Ambience is not a quality generally associated with techno. Yet, Welsh producer Kelly Lee Owens has been steadily unearthing the latent warmth of the genre since self-releasing her debut single ‘Lucid’ in 2015. Combining the atmospherics of hazy synth-lines and subaqueous vocals with a charged rhythmic pulse that readies her tracks for the club, she has carved a unique space for herself in the electronic field, making tracks that are just as at home on the dance floor as well as in your headphones.
Having moved from her native Wales to London, via Manchester, Owens developed her eclectic musical tastes and production skills while working in record stores, including Rough Trade and Pure Groove where she met Daniel Avery. It was Avery, along with fellow colleague and producer Ghost Culture, who showed Owens the production ropes, leading to her vocal feature on Avery’s track ‘Knowing We’ll Be Here’, taken from his acclaimed 2013 release ‘Drone Logic’. Since then, Owens has been fine-tuning her sound and expanding her sonic palette, releasing the ‘Oleic’ EP last year on the Norwegian label, Smalltown Supersound, and this month dropping her debut full-length ‘Kelly Lee Owens’.
The clarity of Owens’ falsetto is immediately apparent from opening track ‘S.O’, as well as her inventive use of sound to generate atmosphere and emotion. Her minimal lyrics float effortlessly over the bent bass frequencies of a tabla, while electro synths pierce and reverberate around the chorus to ultimately fade into what sounds like rain and a galloping heartbeat.
This combination of the natural and synthetic/electronic runs throughout the record, consistently balancing an analogue softness with the pleasingly harsh thump of a kick drum or distorted reverb of a synth, creating ambiguity as to the origins of the wide range of sounds displayed on the record. On the following track, ‘Arthur’, an homage to Arthur Russell, Owens manipulates her own voice to this effect. Using her breath and vocal as an instrument to create a melodic soundscape, rather than communicate lyrics, she adds a soothing high-end to the rumbling bass-frequencies that mirror ‘S.O’ throughout.
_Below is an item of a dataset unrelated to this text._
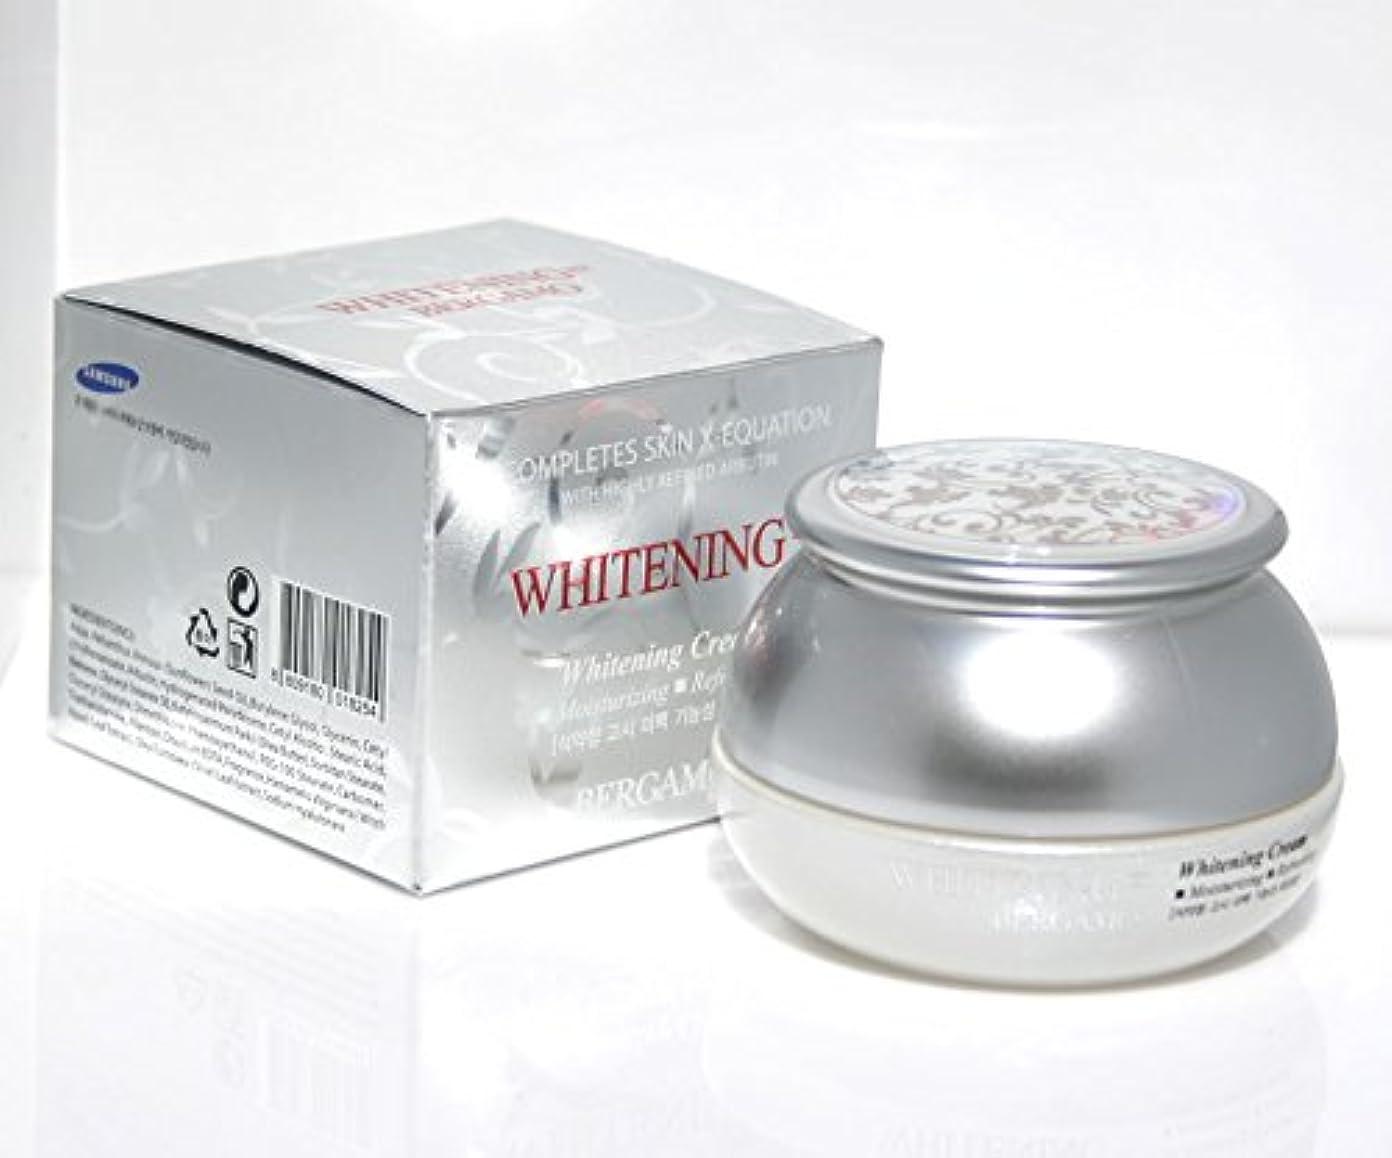 堤防ネコアーティスト【ベルガモ][Bergamo]  は、高度に精製アルブチンホワイトニング例クリーム50g /  Completes Skin X-equation with Highly Refined Albutin Whitening...

The majority of the record is refreshingly downtempo, lulling the listener into Owens’ meditative sound-baths on the opening of tracks like ‘Bird’ and ‘Lucid’. It’s this capacity to evoke the feeling of waking from a dream that Owens is so adept at putting to music, her ethereal vocal delivery a consistent presence whilst her rhythms build to an unexpected and satisfying crescendo. In the more straight-forwardly up-tempo tracks such as ‘Evolution’ and ‘C.B.M’, Daniel Avery’s influence on Owens’ sound can be clearly felt in the acid stabs and rumbling basslines, bringing to mind his own productions ‘Water Jump’ and ‘Free Floating’. These similarities could seem plagiaristic to some, yet Owens comes into her own as she adds the potential for comfort amongst the inky hues of her production, whereas Avery’s tracks remain hardened and austere.
Final tracks ‘Keep Walking’ and ‘8’ are a gentle dissolution of the record’s sound-palette into the droning atmospherics of sitars, breathy falsettos and sub-frequencies. Owens’ attraction to the emotive potential of sound is a theme that perhaps runs up against the Daniel Avery influences on the record, yet she has still produced a debut that is full of depth and one that exposes the scope of electronic music beyond just the club.